Prima gli ultrà dell’Atalanta, poi quelli del Napoli, l’idea delle due storiche tifoserie organizzate è la stessa: far ripartire la Serie A sarebbe un affronto nei confronti delle famiglie dei tanti morti per l’epidemia di coronavirus in Italia. Da fonti interne alla stessa curva nerazzurra se le squadre del nostro massimo campionato nazionale dovessero tornare a scendere in campo, potremmo anche assistere a una serie di proteste clamorose, a Bergamo come nel resto d’Italia.
Si vedrà. Legittimo il pensiero delle due curve, ma anche quello di tante altre persone che vogliono un ritorno in campo anche e soprattutto per salvare il proprio posto di lavoro. Perché se è vero che per Cristiano Ronaldo o per il Papu Gomez prendere o non prendere quattro mesi di stipendio non è un problema, per molti del settore e per le loro famiglie è un dramma già cominciato. Parliamo dei 250mila lavoratori di un settore che è la terza industria italiana per fatturato, che contribuisce per il 7 per cento alla crescita del pil italiano e che versa all’erario qualcosa come nove miliardi di euro all’anno.
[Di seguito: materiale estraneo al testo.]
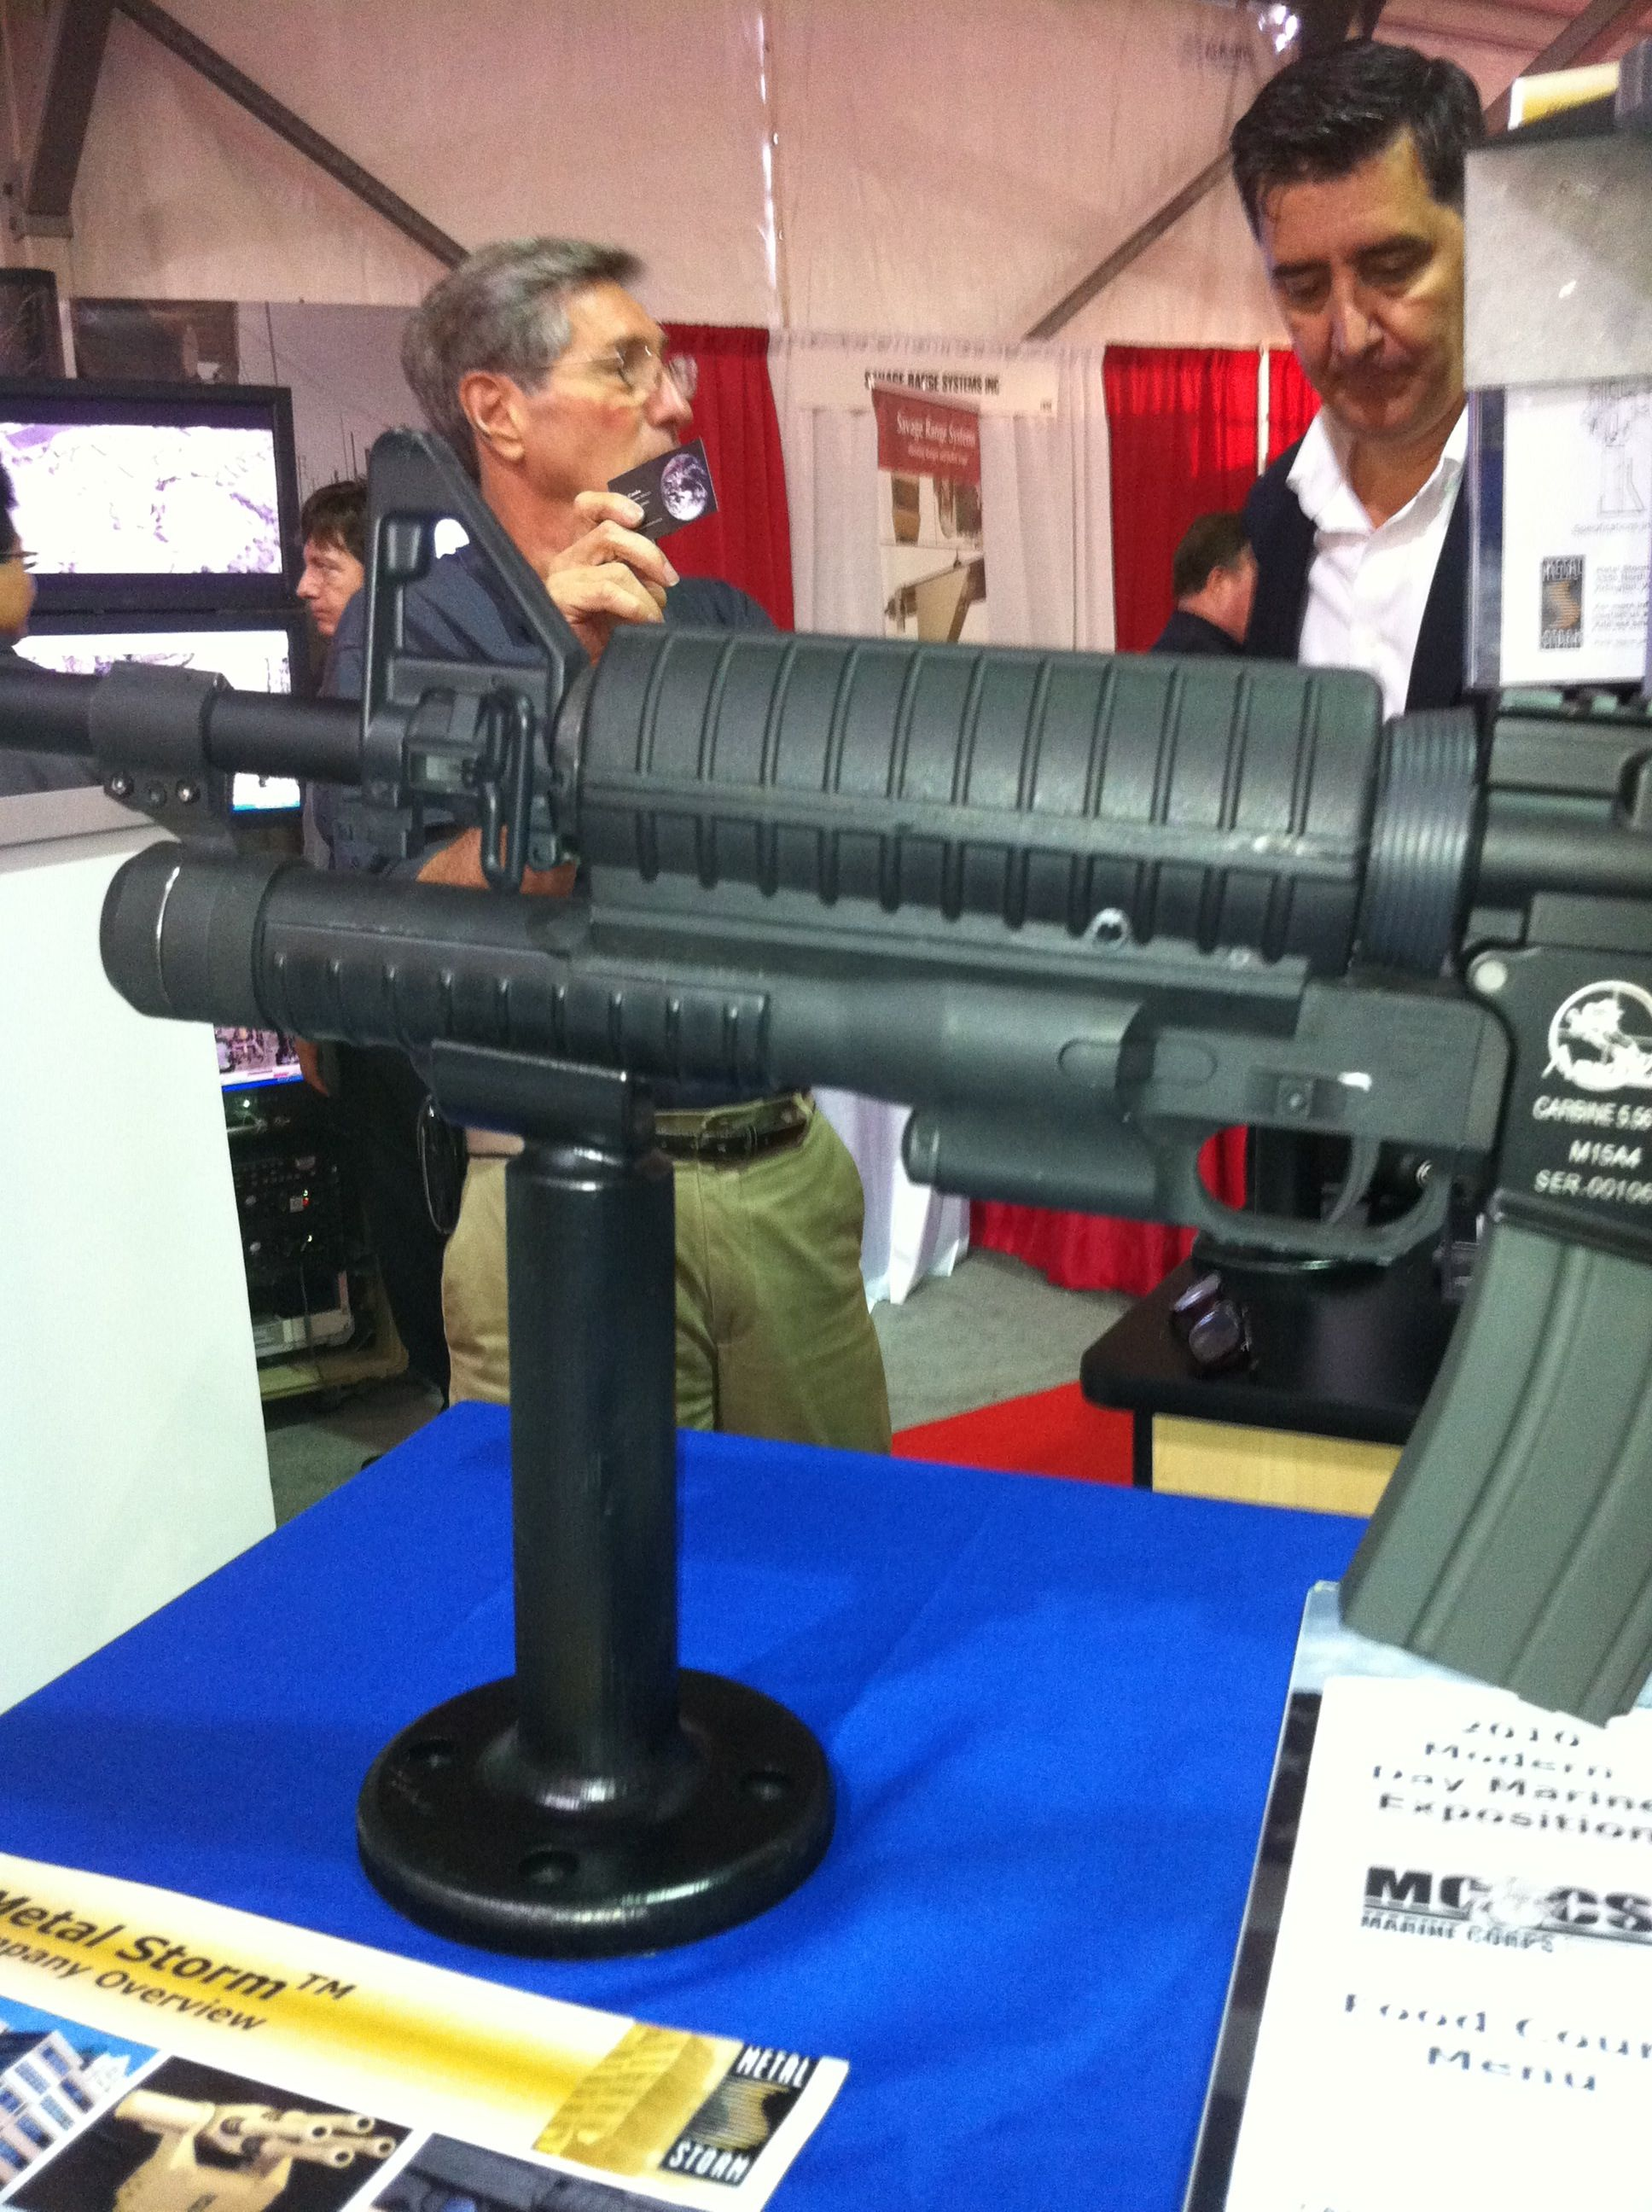 Metal Storm MAUL shotgun 18mm/12ga. Under barrel configuration | Weaponry | Pinterest | Shotguns ...

E se i grandi giornalisti, parliamo ad esempio di Caressa, hanno stipendi che li mettono al riparo da qualsiasi stop, non è lo stesso per i cameramen o per i colleghi di televisioni o di media, giornali e siti, ben più piccoli. Identico discorso va fatto per i parecchi colleghi che collaborano agli uffici stampa dei club o per chi ha un bar che fa vedere le partite o per chi ha un negozio che vende le magliette, senza dimenticare le altre centinaia di migliaia di lavoratori in questa straordinaria filiera che è il pallone.
Senza prendere una posizione sulla questione, soprattutto in un momento così complicato sia emotivamente che economicamente, l’idea è che saranno gli esperti nazionali in materia sanitaria a decidere se e quando si potrà ripartire. Non le curve né i lavoratori del settore.